## YOUR ASSIGNMENT
Could you retype every line below exactly, omitting the images?

## INPUT DATA

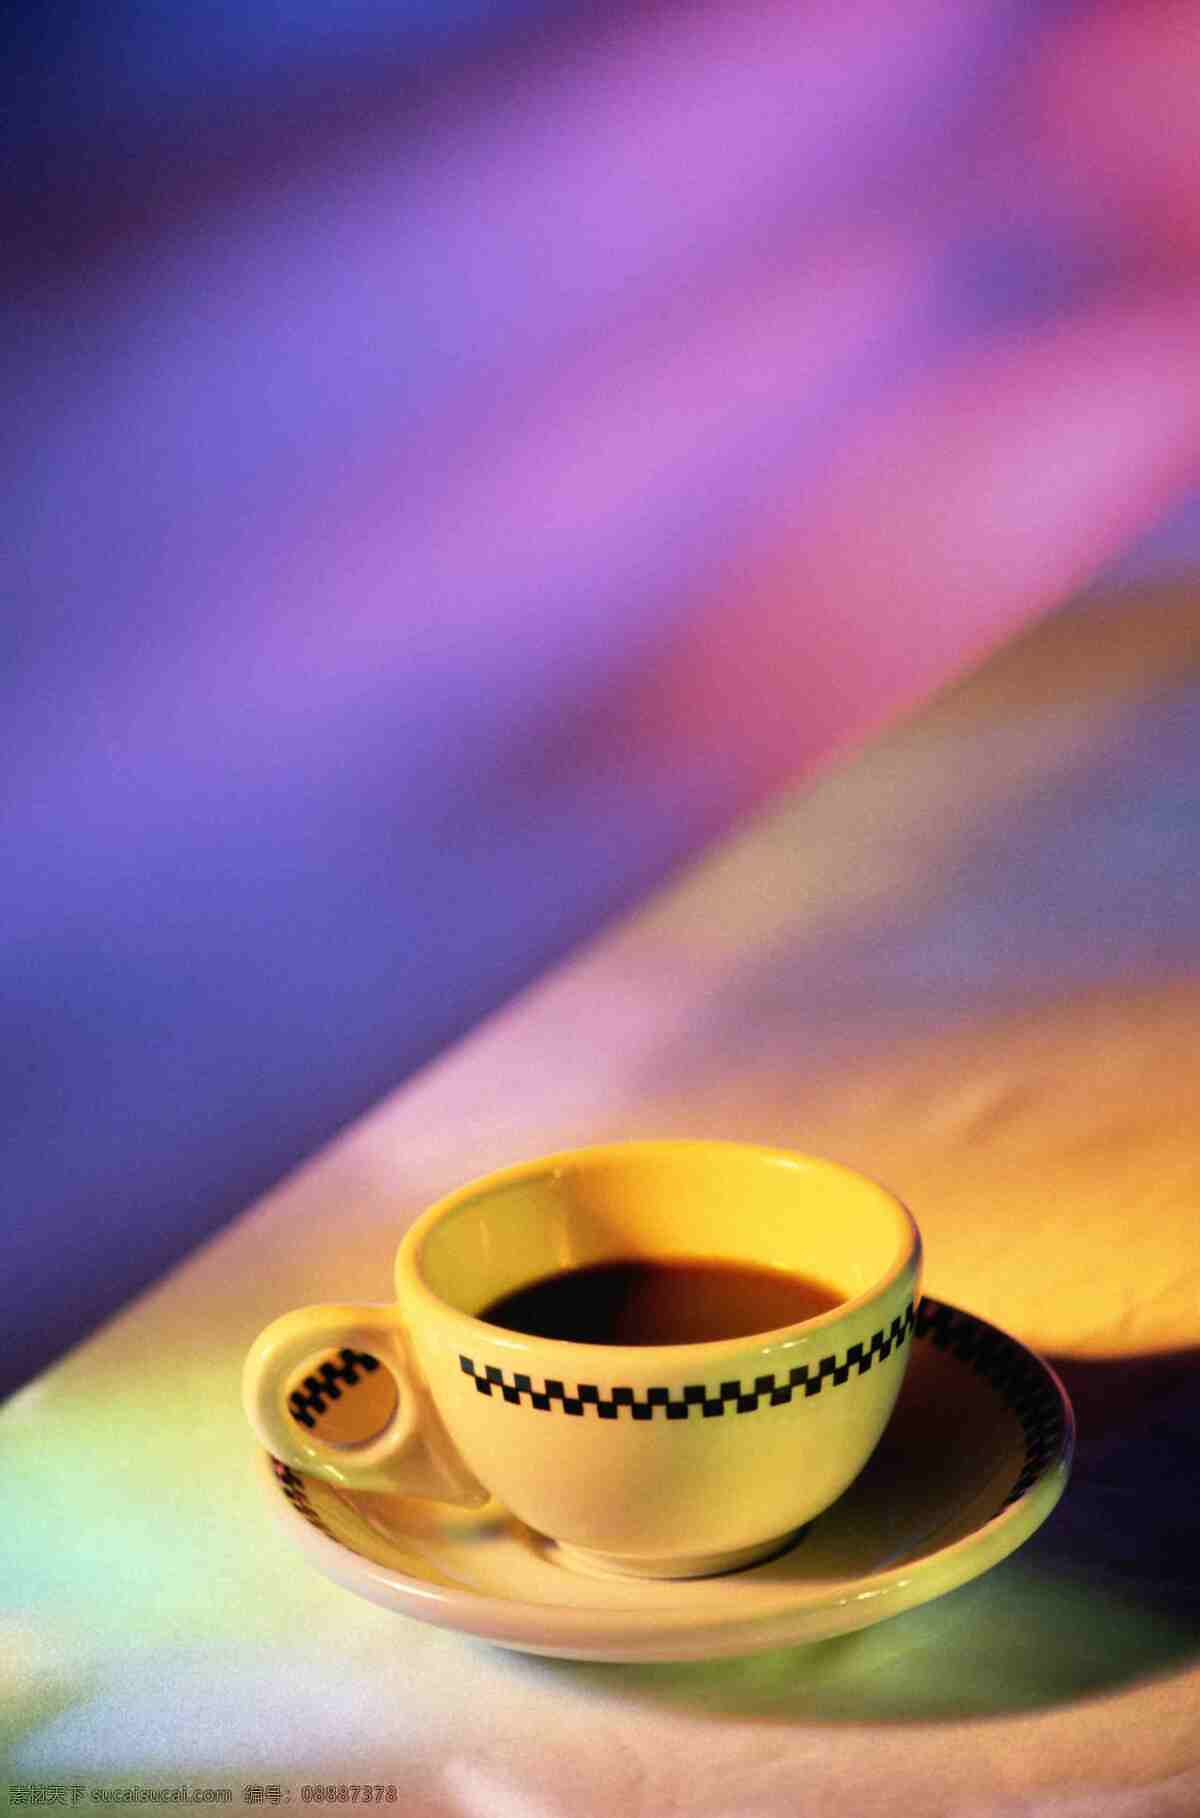 咖啡 休闲 咖啡杯 咖啡碟 轻松 闲适 生活百科 生活素材 摄影图库
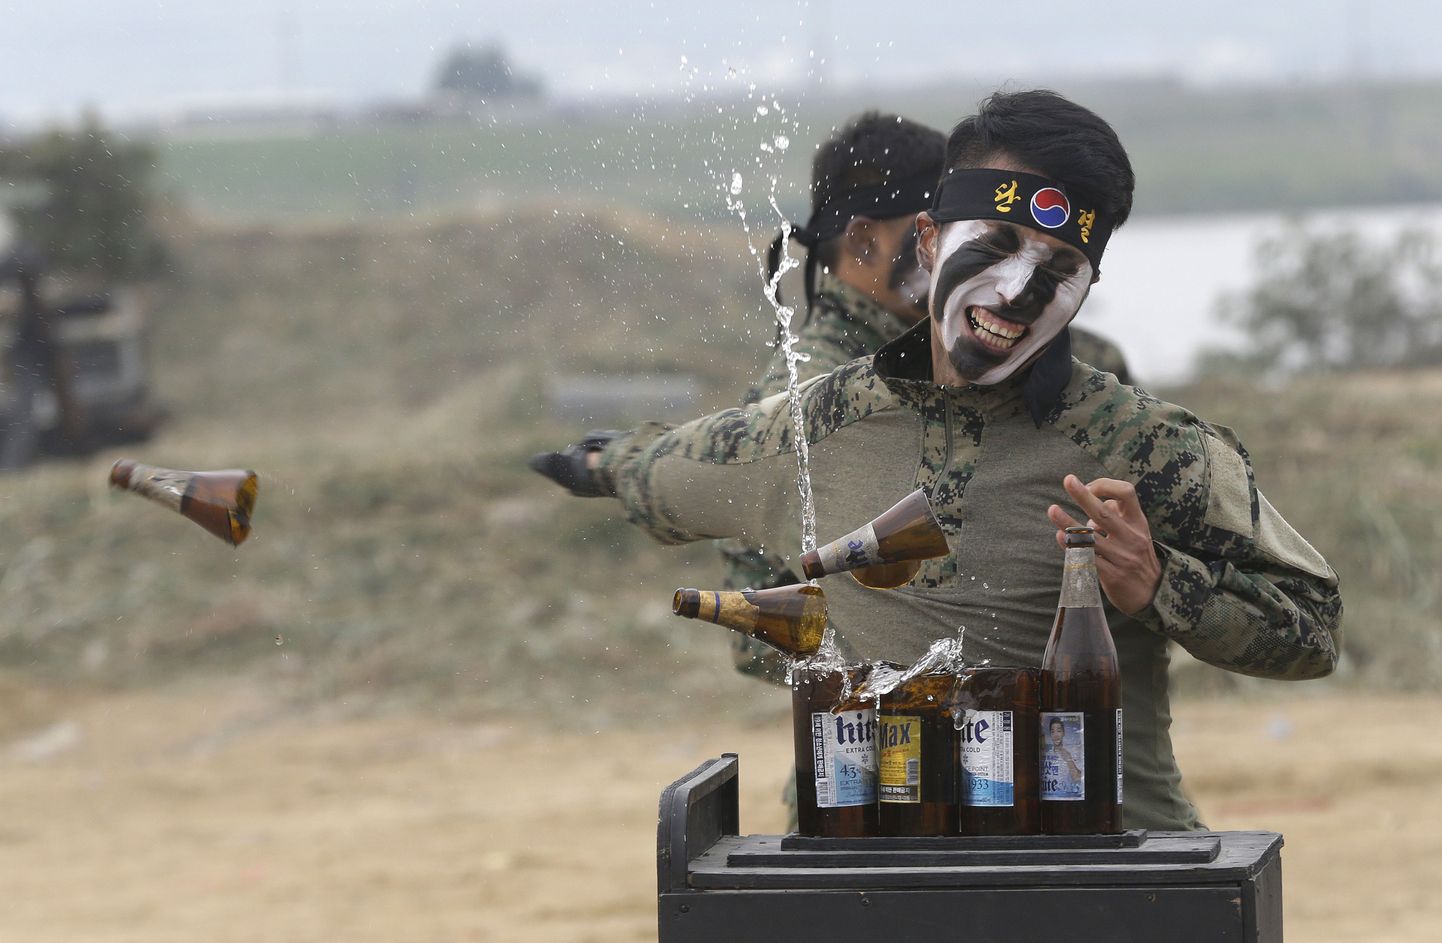 Южнокорейский спецназовец разбивает бутылки рукой. Иллюстративное фото.
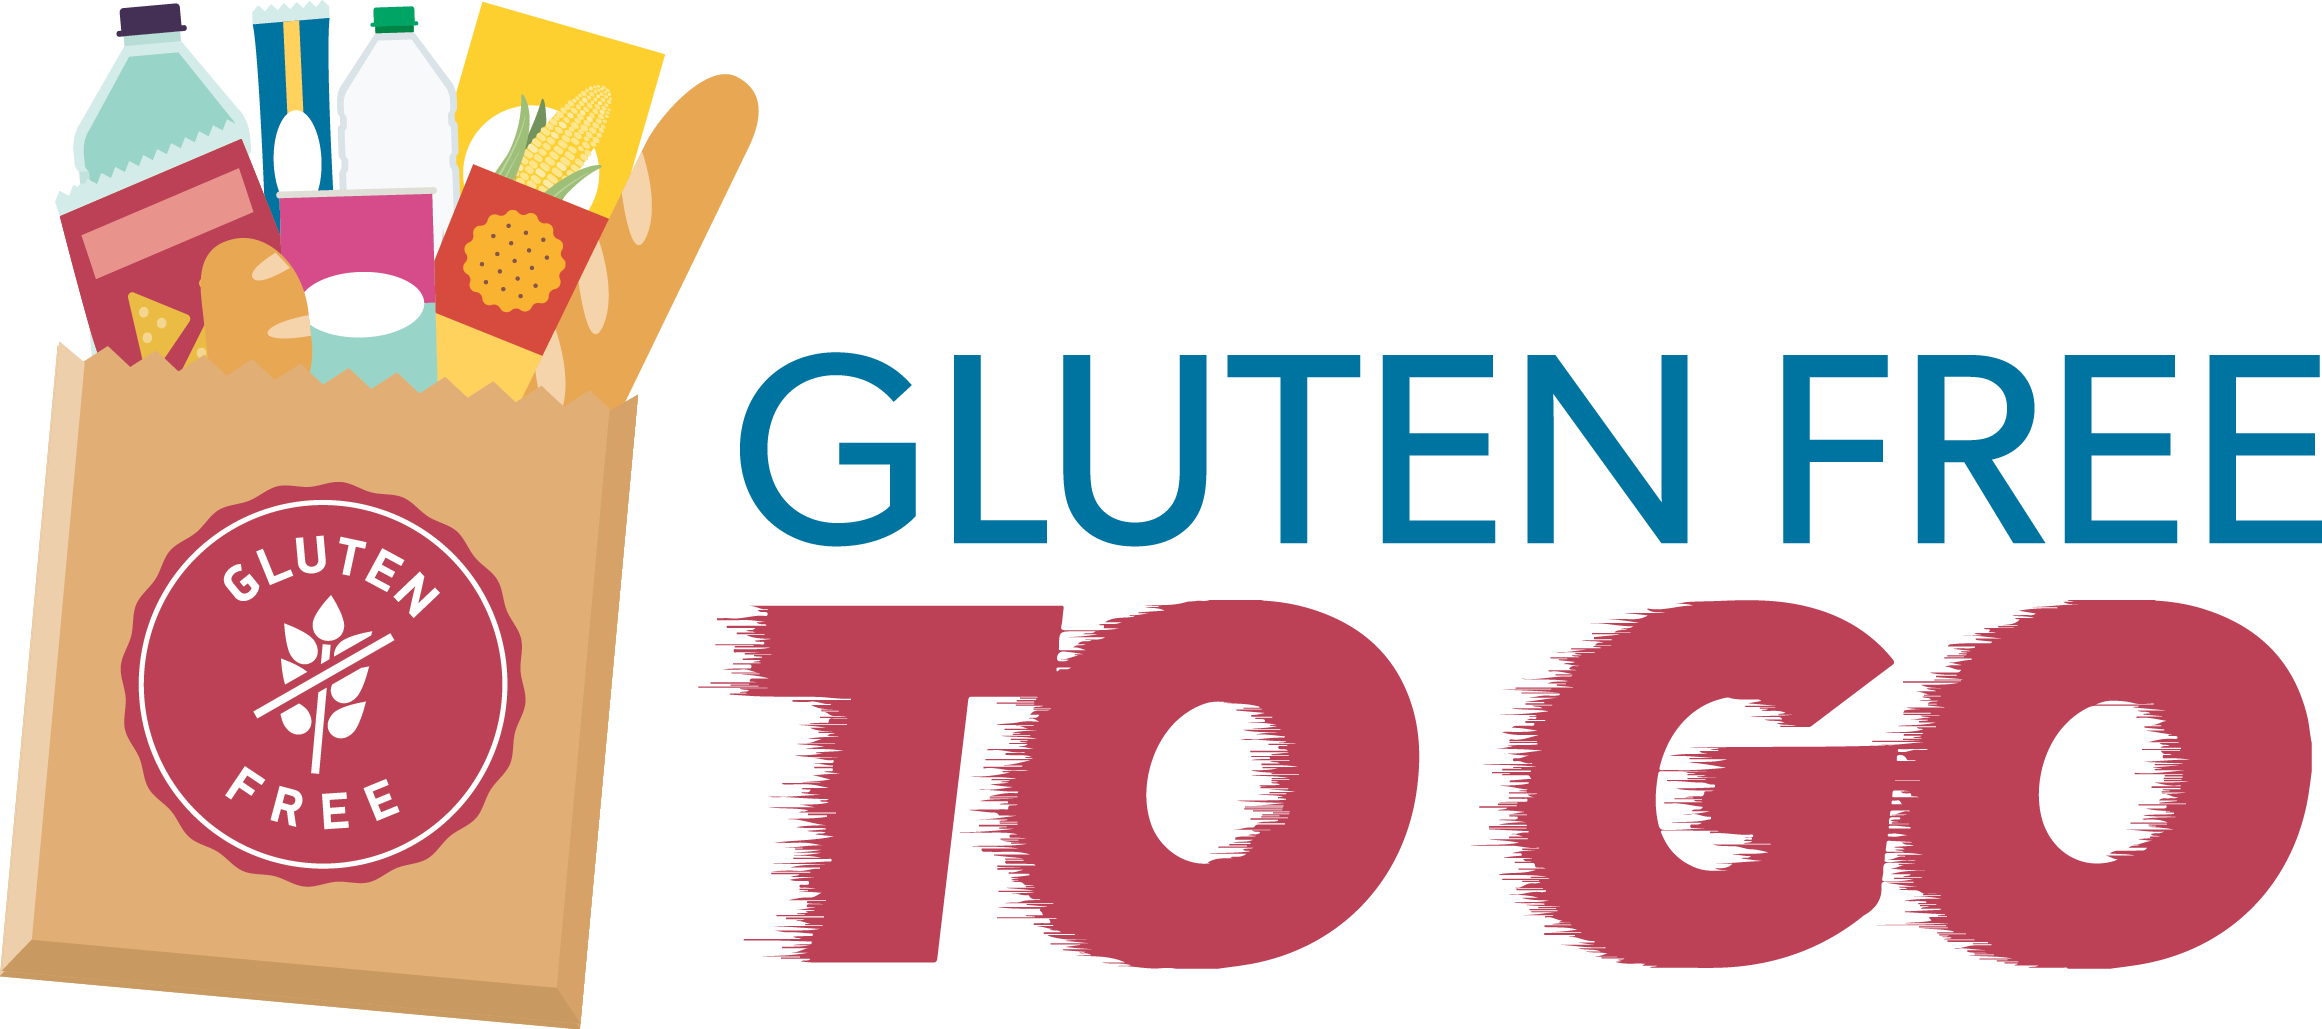 What We Do - Gluten-free Diet (2322x1029)

## SOLVED PROBLEM
 咖啡 休闲 咖啡杯 咖啡碟 轻松 闲适 生活百科 生活素材 摄影图库
 Южнокорейский спецназовец разбивает бутылки рукой. Иллюстративное фото.
 What We Do - Gluten-free Diet (2322x1029)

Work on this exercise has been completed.